Land-based routes will most likely dwindle in number, say experts in the United States. With vast amounts of the ice packs gone, there will literally be nothing to travel on. Unlike the Antarctic, the Arctic is not based on solid land, but rather floats directly on the ocean surface.

This led scientists from the University of California in Los Angeles (UCLA) to their next conclusion – sea-based access routes will multiply and diversify over the next decades, in areas where passage was previously impossible.

All of these effects are caused by the massive release of carbon dioxide and other greenhouse gases, mostly from man-made source.

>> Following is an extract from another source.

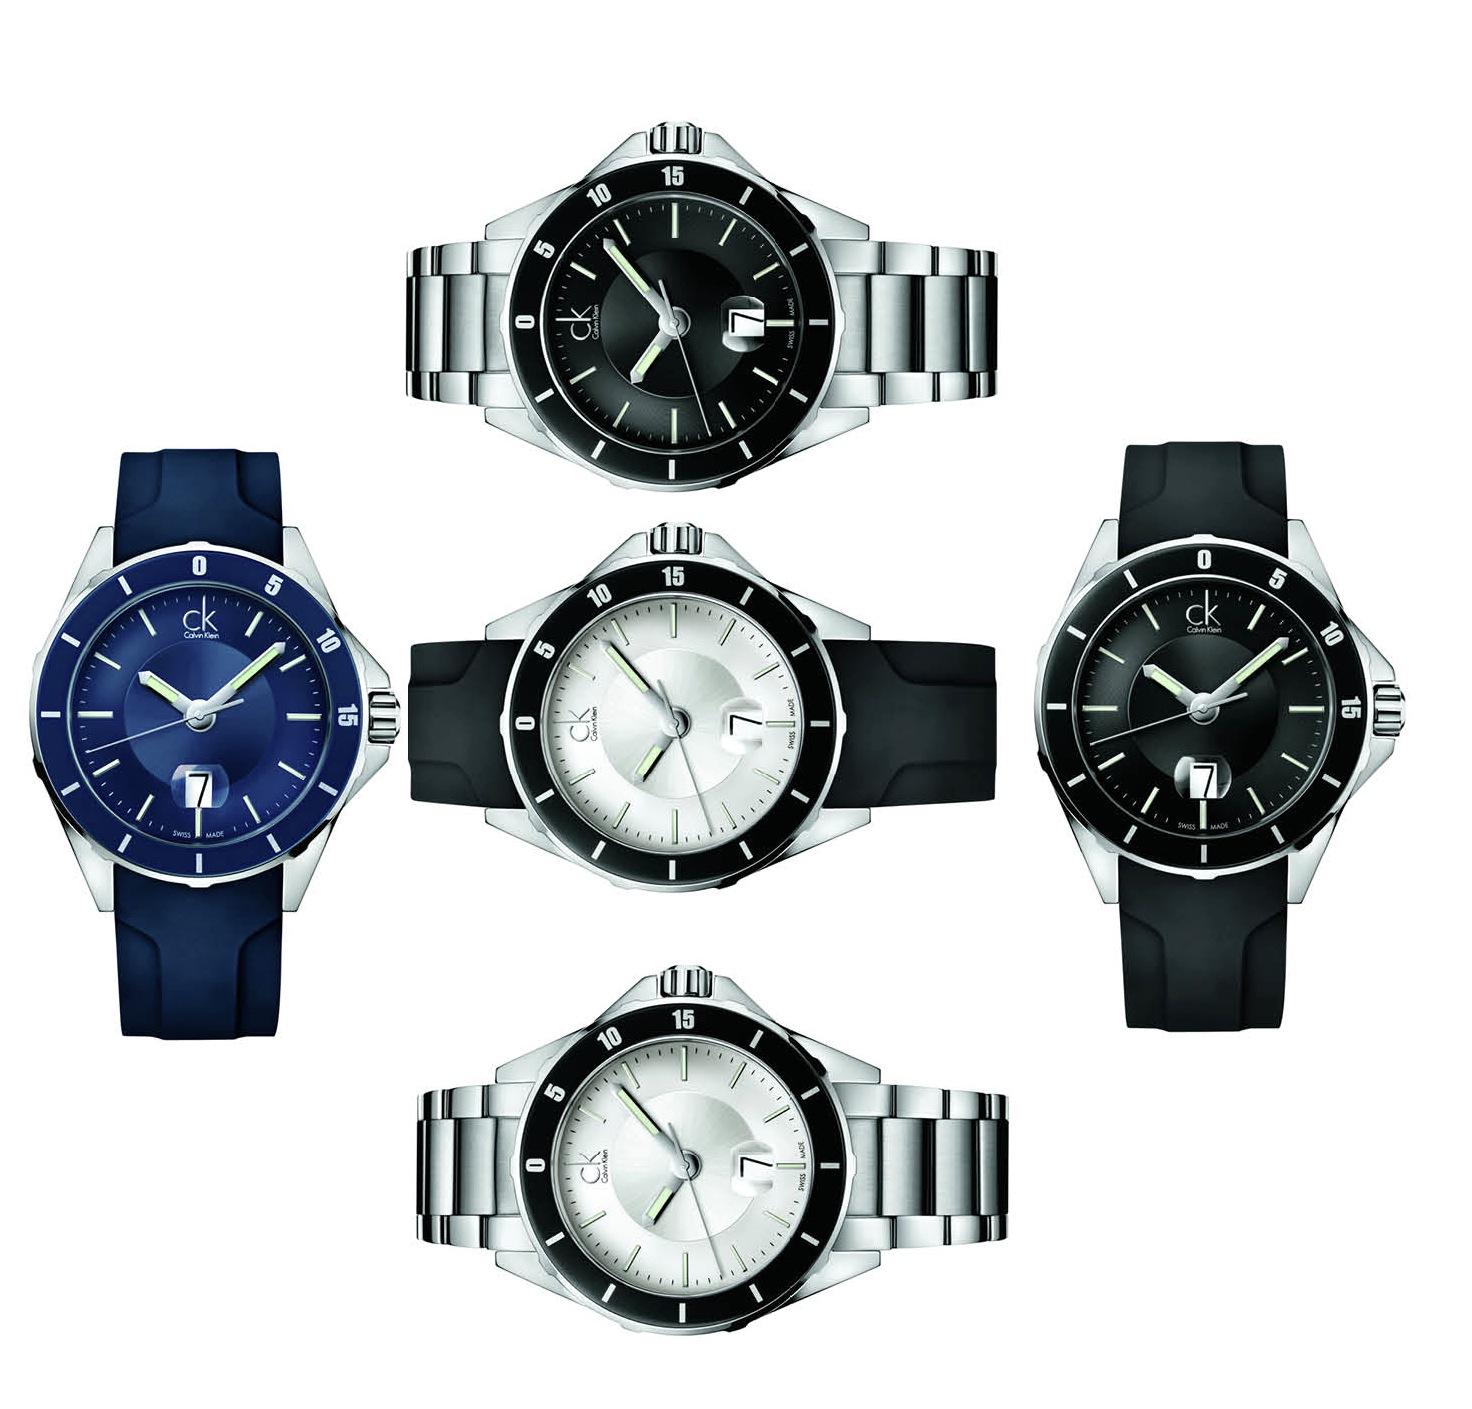 In fünf Varianten ist die Play von CK Watches erhältlich

These emissions are triggering several feedback loops, whose ultimate effect is the melting of glaciers, the shifting of precipitation patterns, sea level rise and so on.

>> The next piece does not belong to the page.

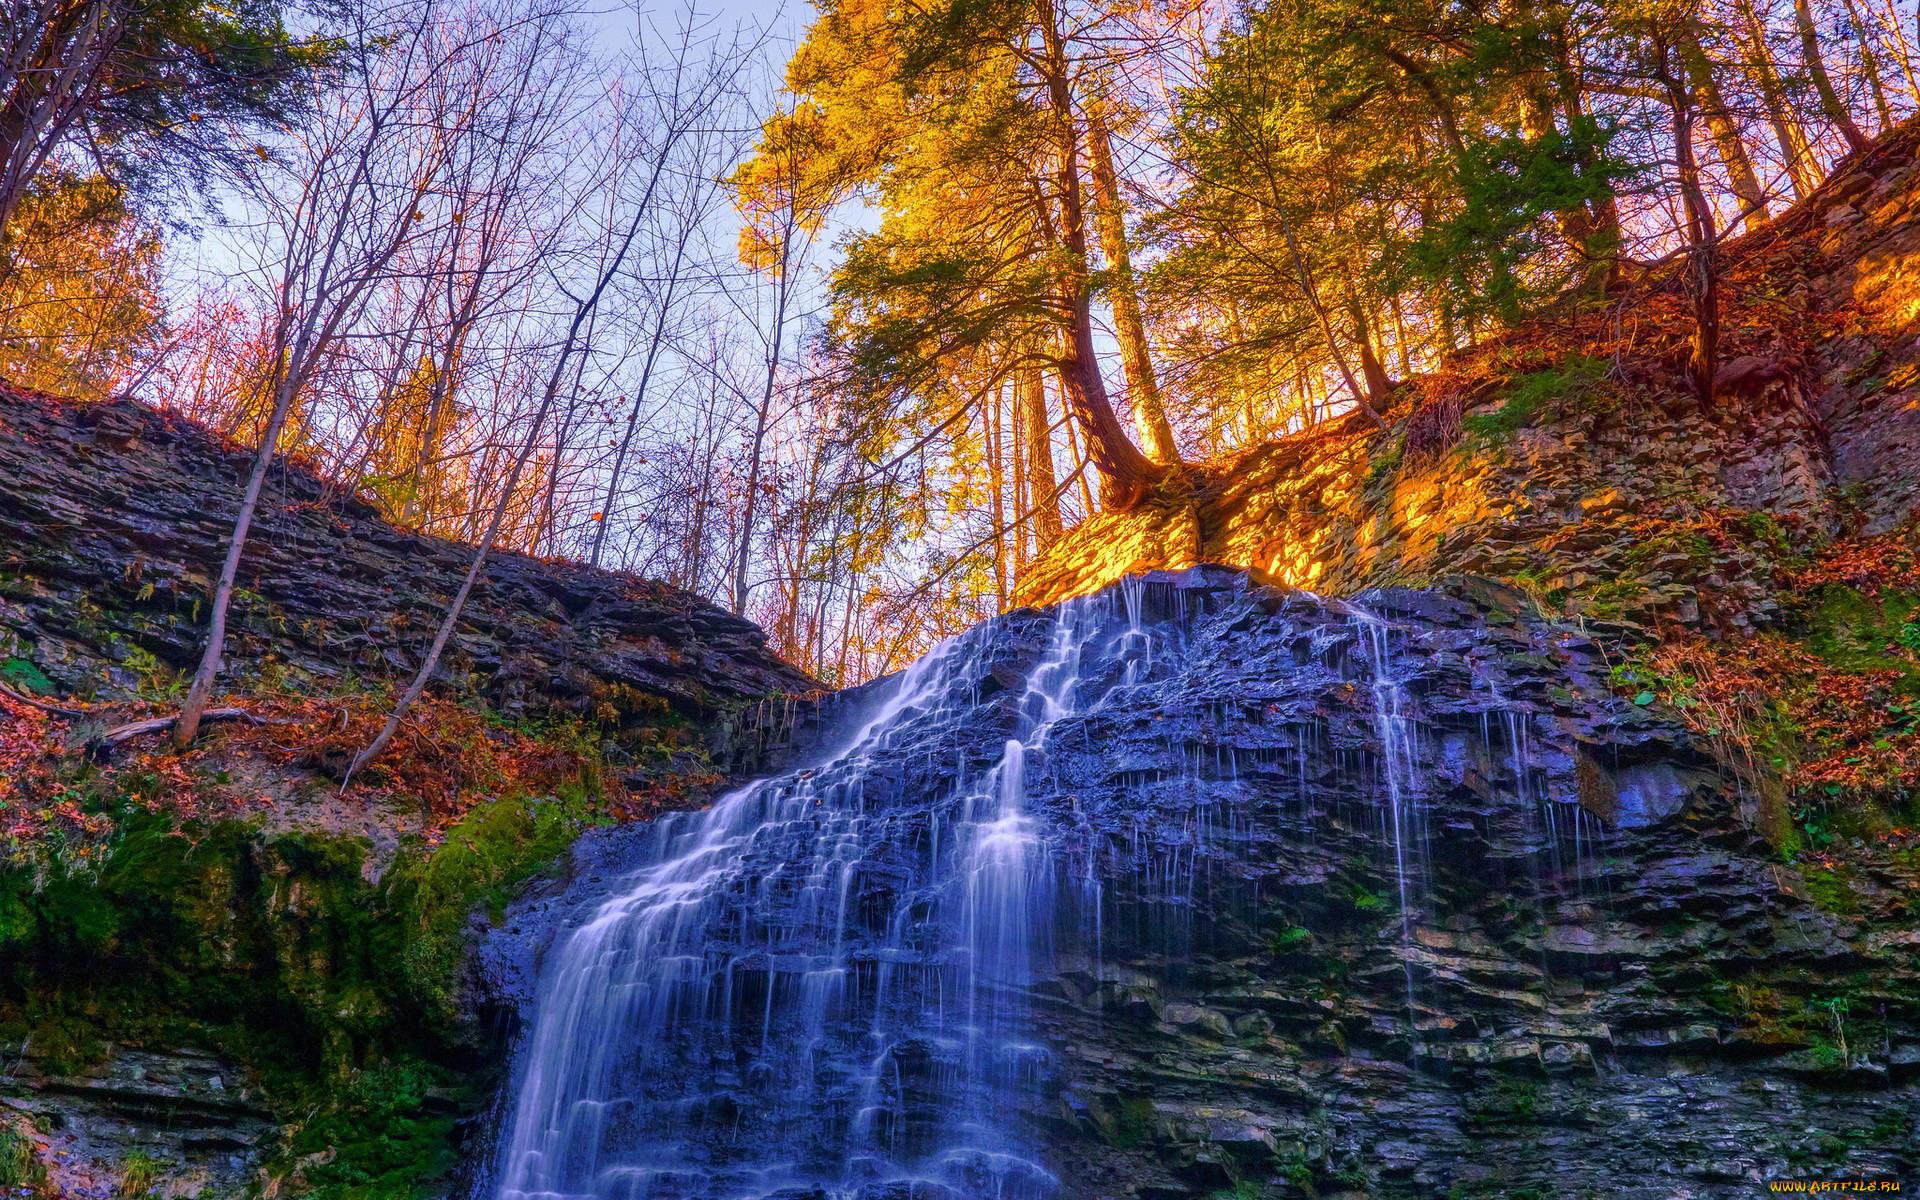 самом начале осенний водопад фото простых французов

“As sea ice continues to melt, accessibility by sea will increase, but the viability of an important network of roads that depend on freezing temperatures is threatened by a warming climate,” says the lead author of the new study, UCLA graduate student in geography Scott Stephenson.

The opening of new routes for transport will benefit coastal communities and tourism operators, as well as shipping concerns and coastal resource-extraction operations. But there are also losers in this game.

Inland mining and timber operations, inland oil and gas drilling, and smaller inland communities are expected to be the hardest hit, UCLA researchers say in their new paper. These effects add to those that a melting Arctic will cause on worldwide climate patterns.

“Popular perception holds that climate warming will mean an opening up of the Arctic, but our study shows that this is only partly so. Rising maritime access for ships will be severely countered by falling vehicular access on land,” says Laurence C. Smith.

The expert, a coauthor of the new sutyd, is a UCLA professor of geography and also the author of “The World in 2050: Four Forces Shaping Civilization's Northern Future” (Dutton Books, 2010). Details of the work appear in the June issue of the top journal Nature Climate Change.

Current estimates show that temperatures in the Arctic will increase by anywhere between 3.6 and 6.2 degrees Fahrenheit within the next four decades. During the winter, the increase may reach as much as 7.2 to 10.8 degrees Fahrenheit.

Canada, Finland, Greenland, Iceland, Norway, Russia, Sweden and the United States will all lose important ice roads, that provide land accessibility. The loss could be anywhere between 11 and 82 percent, the UCLA study shows.

“Remote communities that rely on winter roads, especially those that are inland, may have to switch to air cargo services, which will dramatically increase the costs of supplies. That would make life that much harder in these communities,” Stephenson concludes.